The film “The Big Fish” is a little confusing when it begins, until the audience realizes that the story is the man. In a way, it is an allegory, since it centers on the fish and we have clues here and there, like the fact that it begins and ends with the fish, and that Edward dries out often and needs to lay down in water, clothes and all. Edward is a “character” and maybe a little crazy, but his son, Will, finds out that he is not a mere liar after all. He tells tall tales, but everyone has a basis in truth. That is when Will realizes that his father has never really hidden anything, just embellished it. What the story shows us is that a man, or woman, is his or her story.
Steven King is a master of storytelling, and yet, I believe that there is part of him in every story and the stories are certainly in him. When we hear his name it is his stories that we think of, because that is how we see him. Where writers are concerned, that is how we see all of them. That is also how Edward’s friends and wife saw him, as did Will when he was young, and it is also how he saw himself. We are our stories.
Everyone tells stories. None of them is perfectly true, because it is colored by what we want, what we remember, and what we believe. What we remember best and longest are stories. That is why we have trouble memorizing things that do not have a story, such as foreign language vocabulary or atomic tables and things like them. Bare lists have no story. So they are hard to remember. All of our memories are stories, and we tell them over and over, to others and ourselves.
The stories we tell ourselves become how we see ourselves. The stories we tell others are how they see us. Each of us knows if and how we embellish the stories we tell ourselves. They are secret, so they may be more truthful, but we all embellish the stories we tell others. Some just do it to make the stories interesting and others do it to make them seem more important, better people, or stronger. However, like Edward’s stories, they usually have at least a kernel of truth.
I think that this movie has that underlying theme of how we construct our identities, and how we connect with others in this way. We share stories. Most people can tell some interesting stories. Some people tell wonderful stories, just as Edward did. All of the writers we studied are very adept storytellers. The stories are important because they are how we connect. Everyone knows that other people make their stories more interesting by adding things, exaggerating, and changing little things. It is not true stories that are important, but it is truth in stories that are. The truth in Edward’s stories was how he felt about people, what he dreamed and how he wanted to help everyone. He truly felt like he was a big fish in an ocean and he wanted back in the small pond, where he felt safe because he was important there.

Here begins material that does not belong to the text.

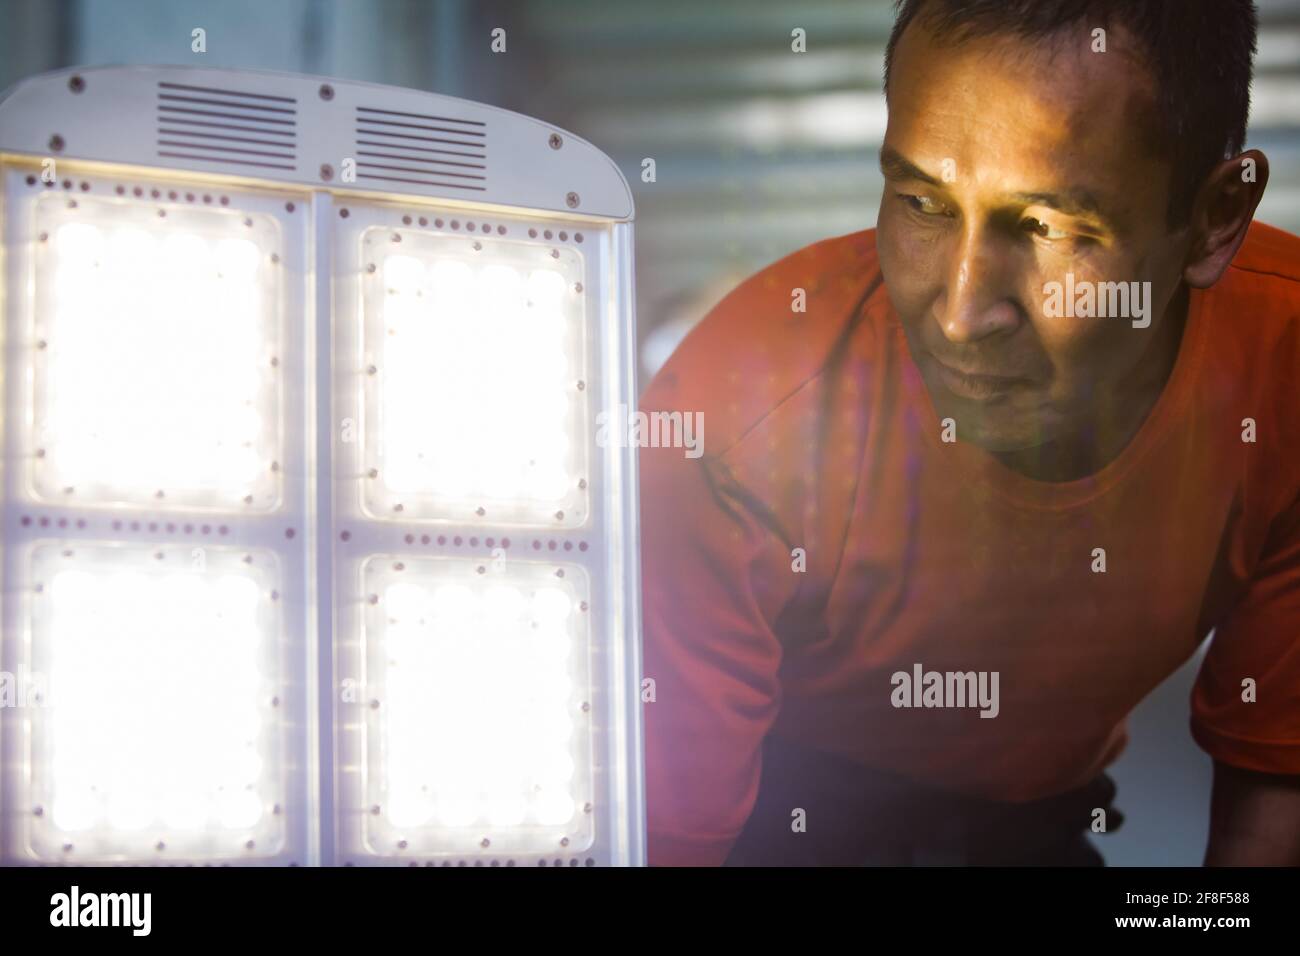 Aktau, Kazakhstan - May 19, 2012: Asian man worker looking at Street illumination LED light panel. Light ON. Light flares (right, center) is out of f Stock Photo

The relationship between Will and his father is central to the story, but not because Edward tells lies, but because Will only sees the untruths in the stories and thinks he needs to know the “real” story, the truth. He thinks that because the stories are “tall tales” that they are not true. The works we studied in this term all centered on perception and perspective. Each of the characters has a perception of themselves and the world that the story revolves around.
Faulkner’s Emily saw herself as privileged by her father’s deeds, even though it was his deeds that trapped her in the house. The heroine of Glass Menagerie and her mother each have their perception of reality, and both are as twisted as Emily’s. Will’s perspective was as a disbeliever because he saw no truth at all in his father’s stories. It was not until the end that he saw that the truth of his father’s stories was in their themes and not in their reality. He helps his father to construct that last story of how Edward dies.
The funeral scene and the ending are really interesting because Edward could have written them. We see Will astonished when all those characters from his father’s stories show up for his funeral. The stories were tall tales, but the people were real. It matches with what Jenny told him about his father saving Spectre by buying it with money from all his friends. Seeing all these people fills in the blank question for all. When they start to exchange Edward’s stories, Will realizes that these are precious to them as memories of his father.
The movie ends with a scene of Will and his son. However, it is his son who is telling fantastic stories told by his grandfather to his friends. He gets help from his father, who has told them to his son quite often. So Will is taking care to share the storytelling with his son. We wonder at the end how this will affect their perceptions, their relationship, and their image within themselves, between themselves and with the outside world.